== Collected material ==
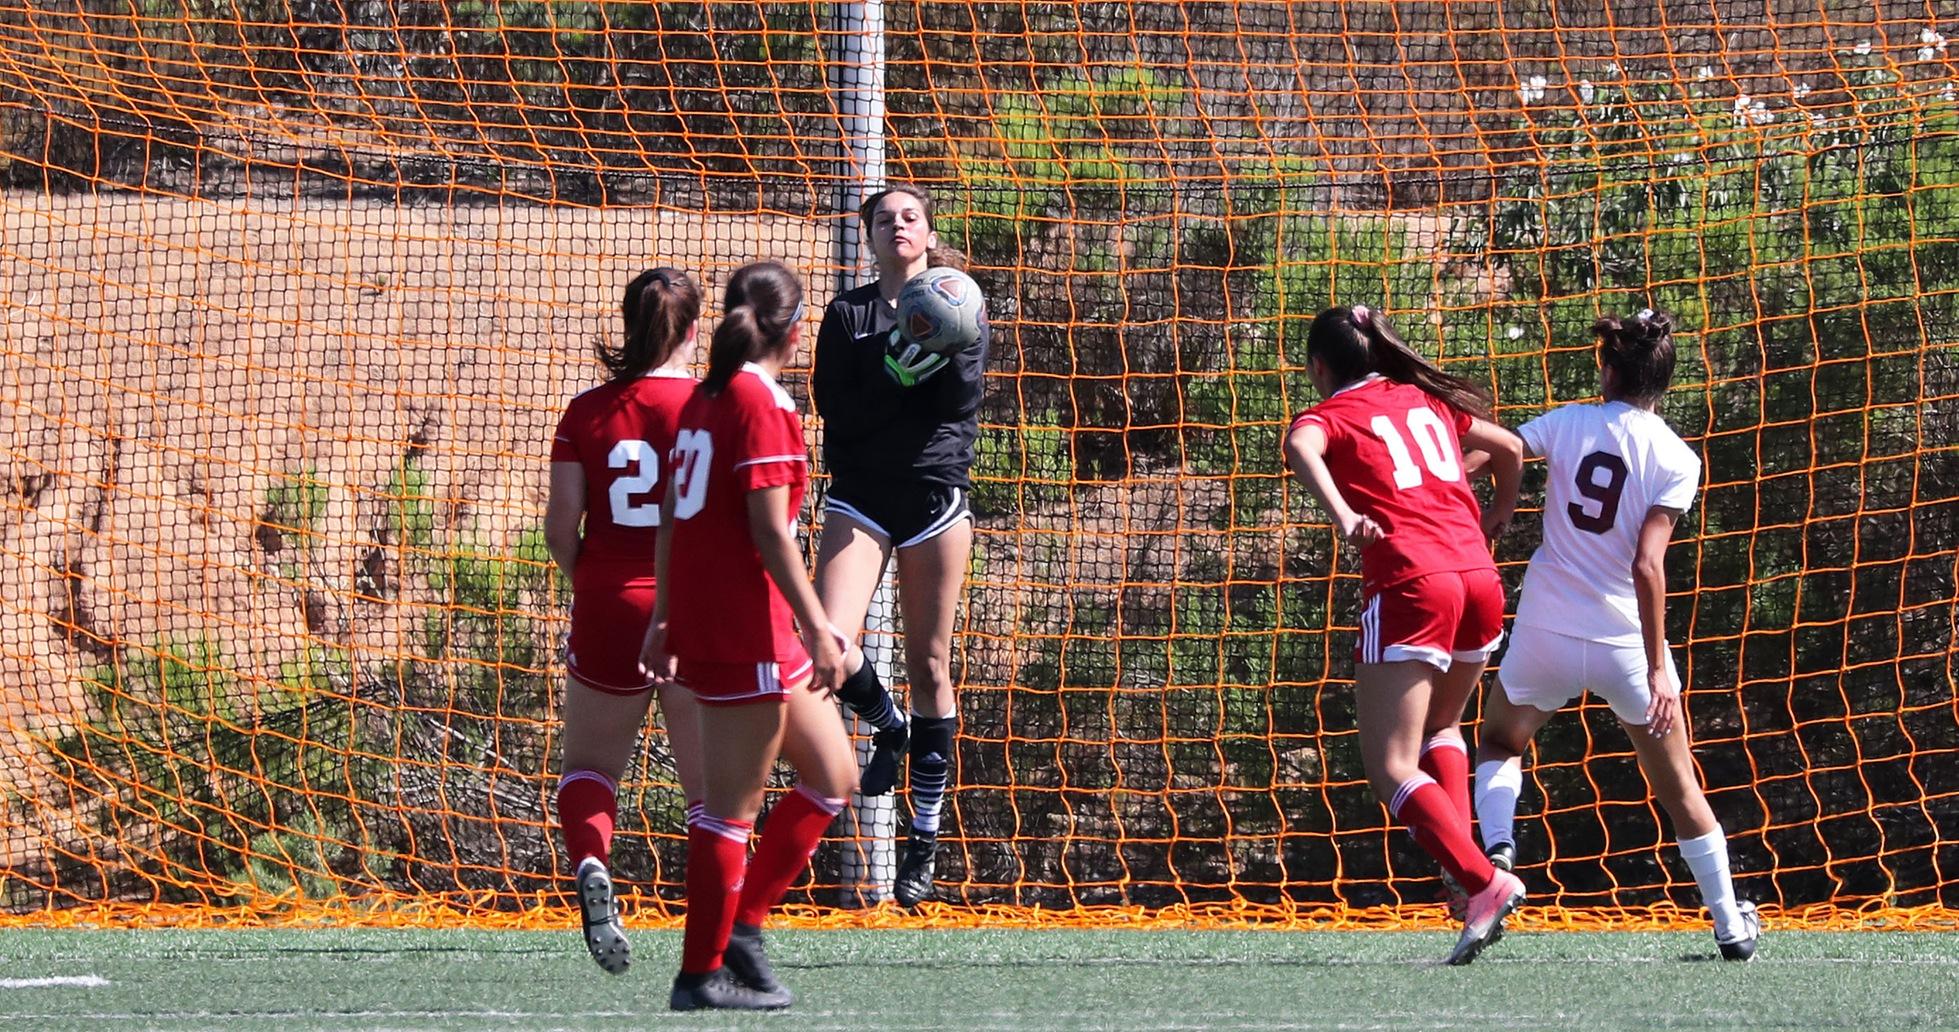 Goalie Kassandra Blanchard with a save in the first half. Photo by Hugh Cox.
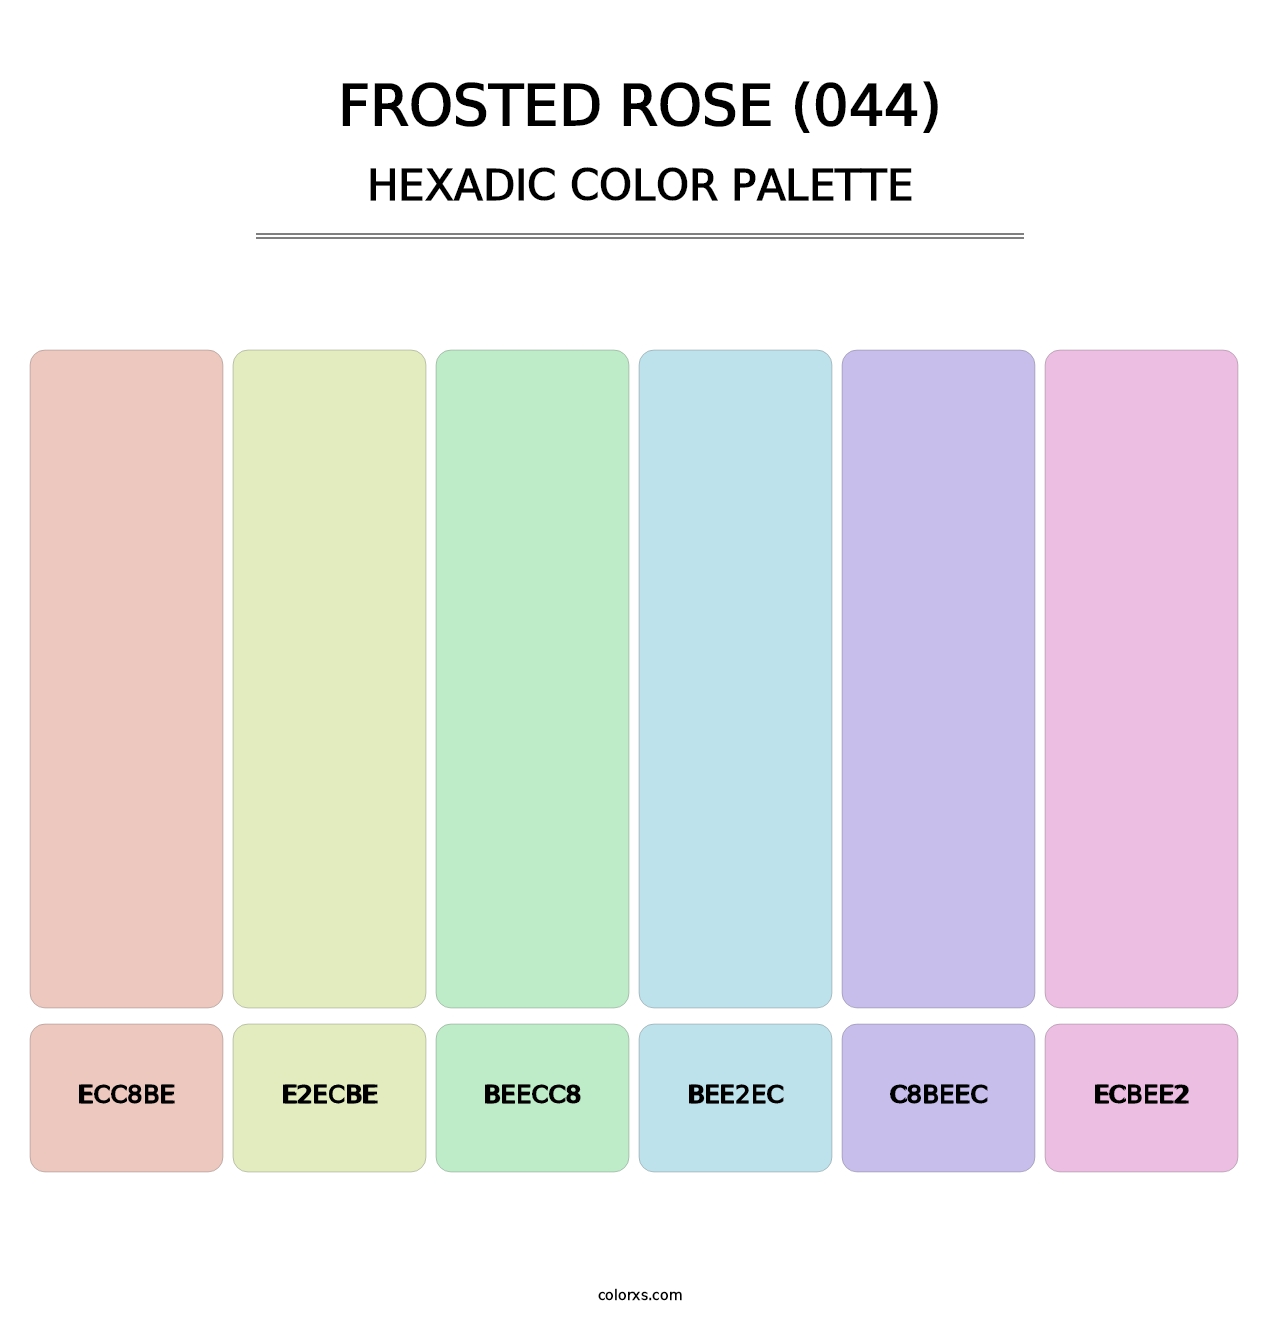 Frosted Rose (044) - Hexadic Color Palette
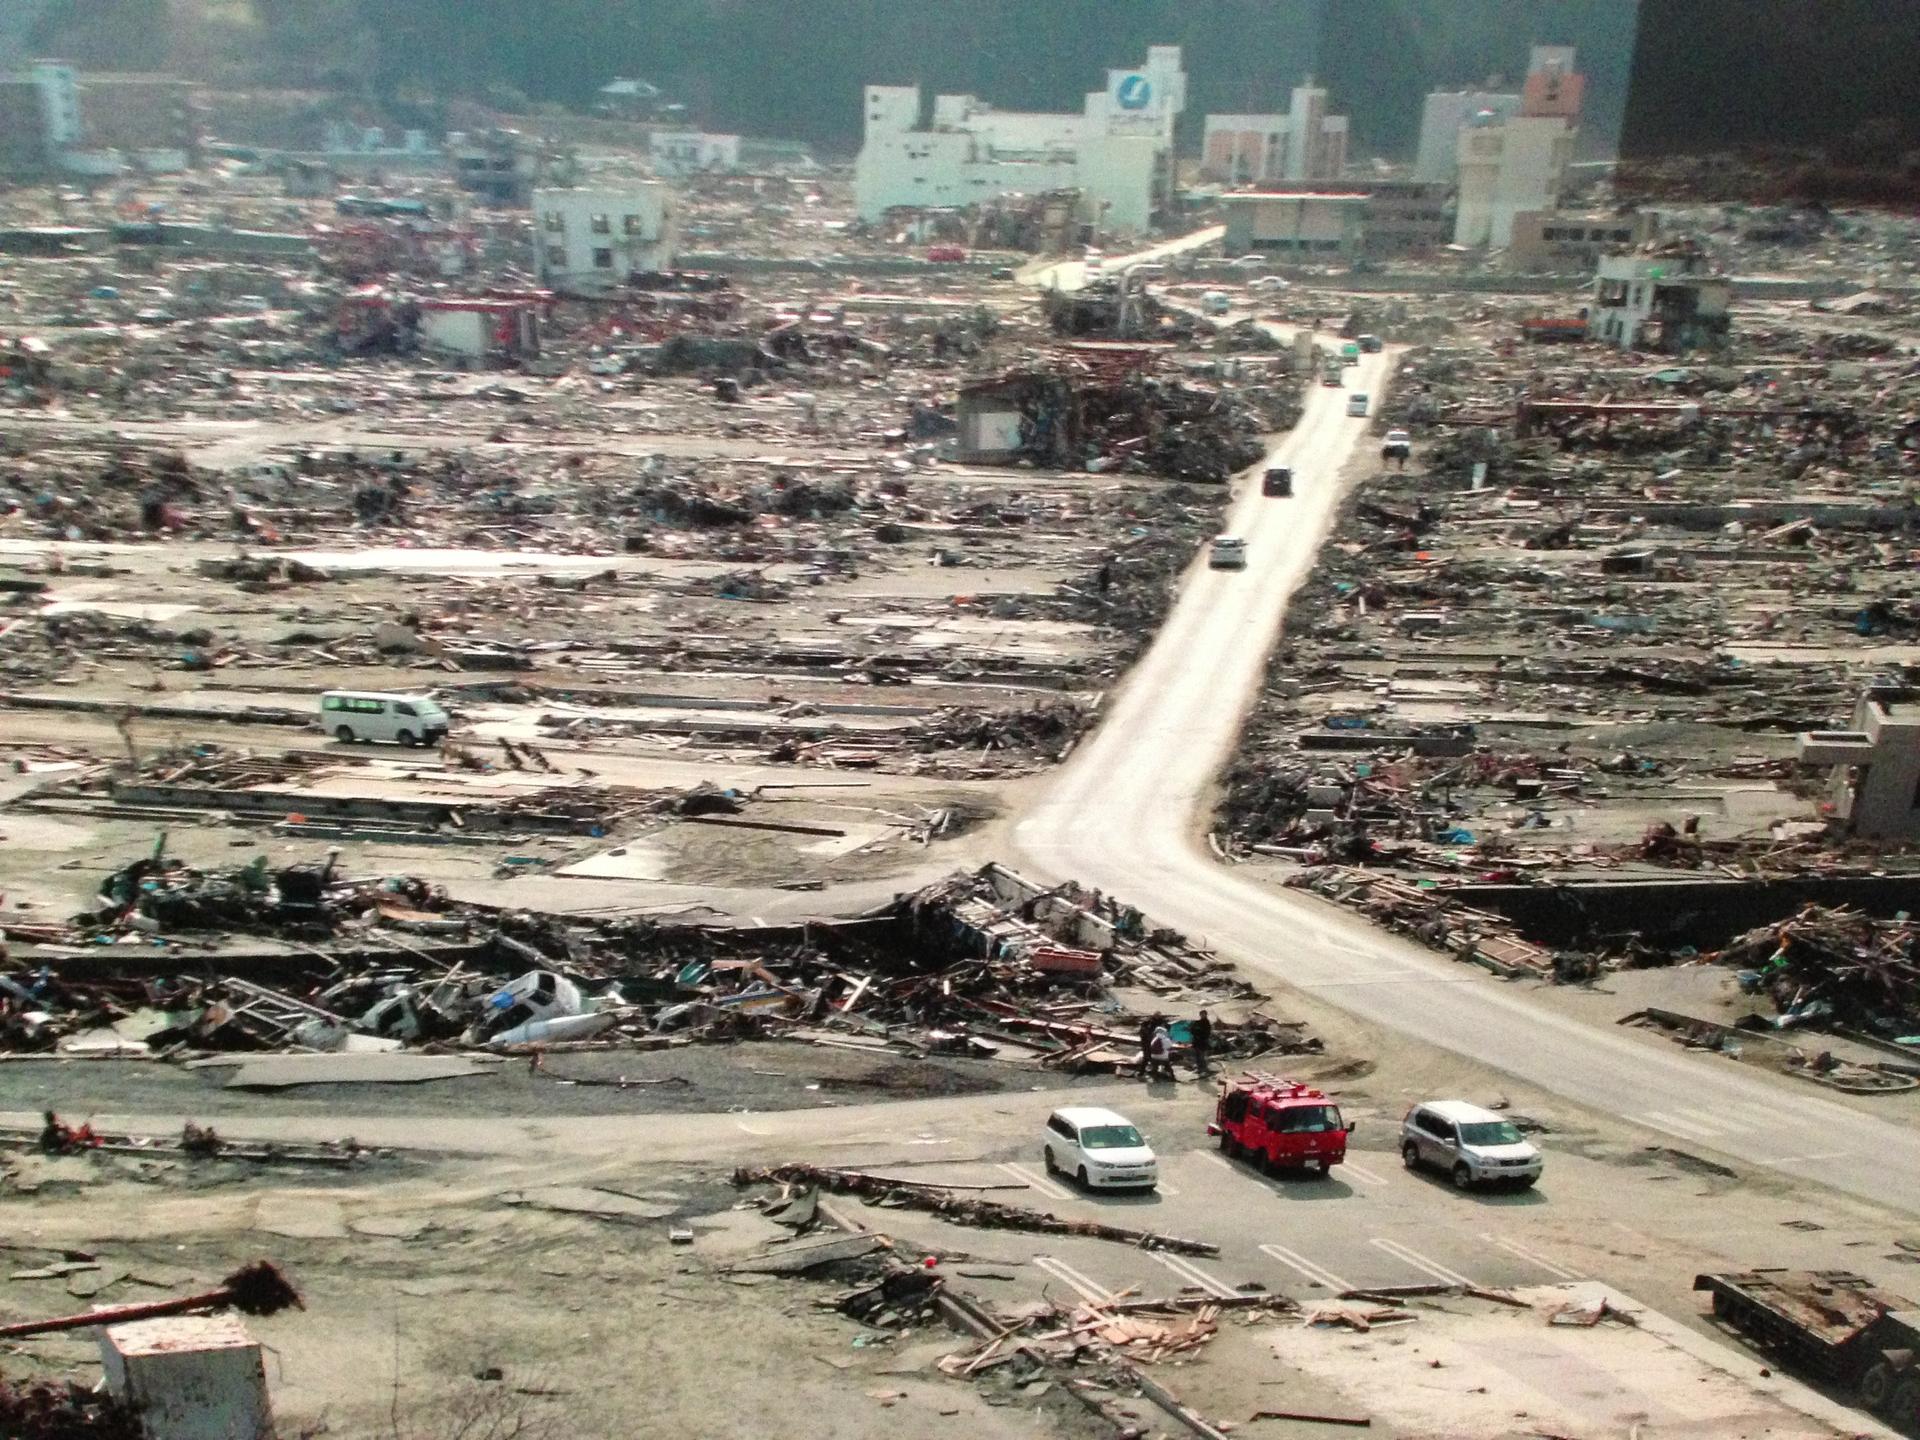 The Japanese town of Minamisanriku in the Miyagi Prefecture was destroyed by the 2011 tsunami. 
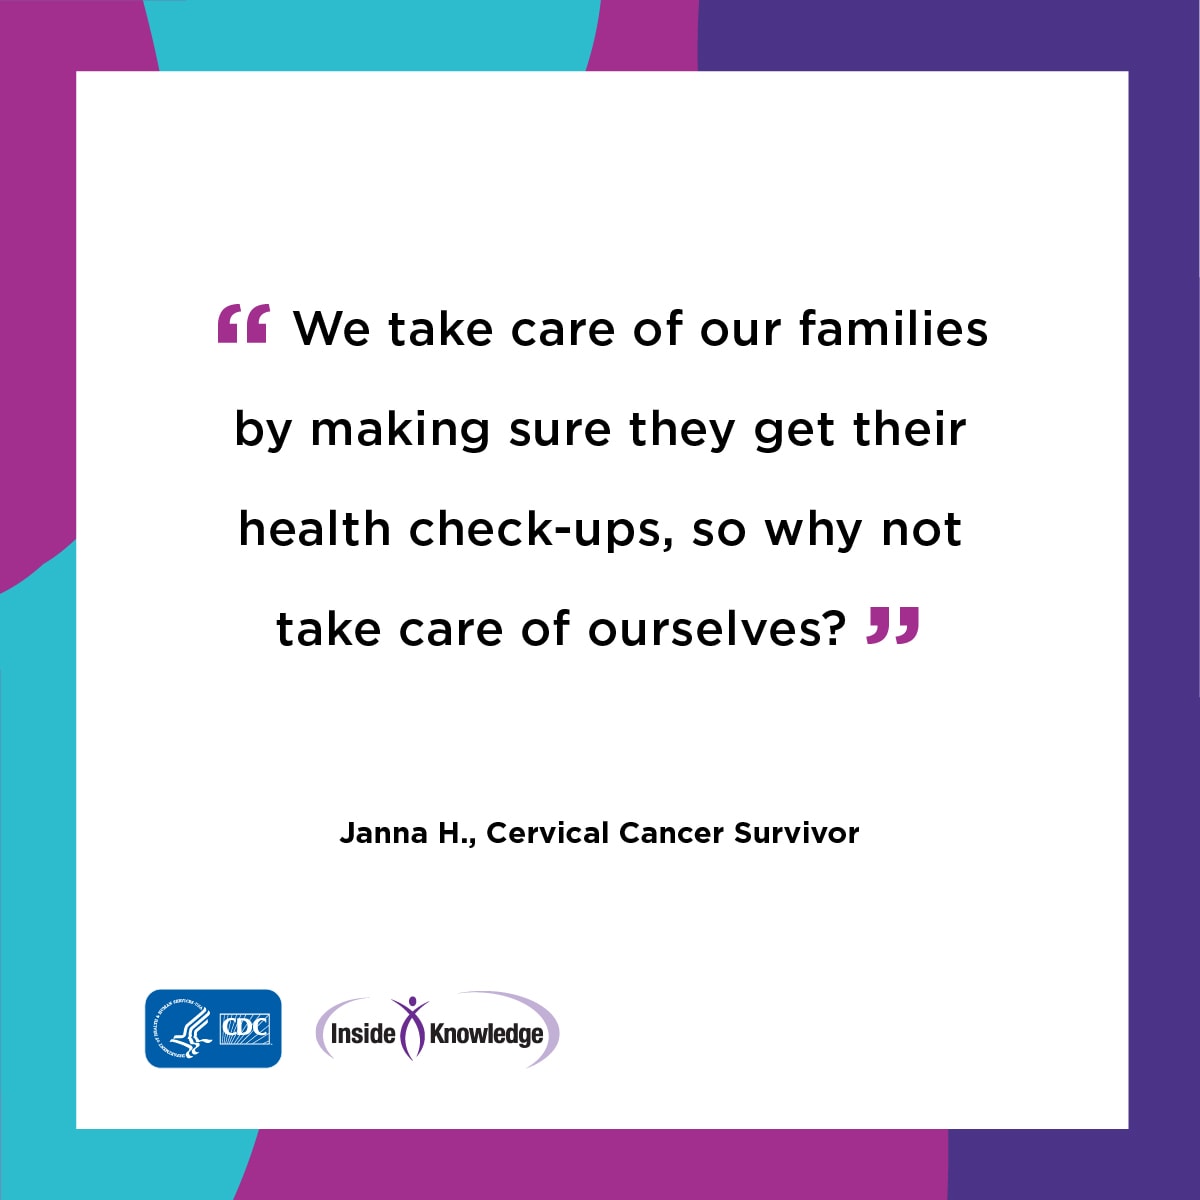 We take care of our families by making sure they by making sure they get their health check-ups, so why not take care of ourselves? Janna H. Cervical Cancer Survivor
===
> _Exercise details_
Copy out all of the listing word for word, but skip the images.

> _Written response_
 Goalie Kassandra Blanchard with a save in the first half. Photo by Hugh Cox.
 Frosted Rose (044) - Hexadic Color Palette
 The Japanese town of Minamisanriku in the Miyagi Prefecture was destroyed by the 2011 tsunami. 
 We take care of our families by making sure they by making sure they get their health check-ups, so why not take care of ourselves? Janna H. Cervical Cancer Survivor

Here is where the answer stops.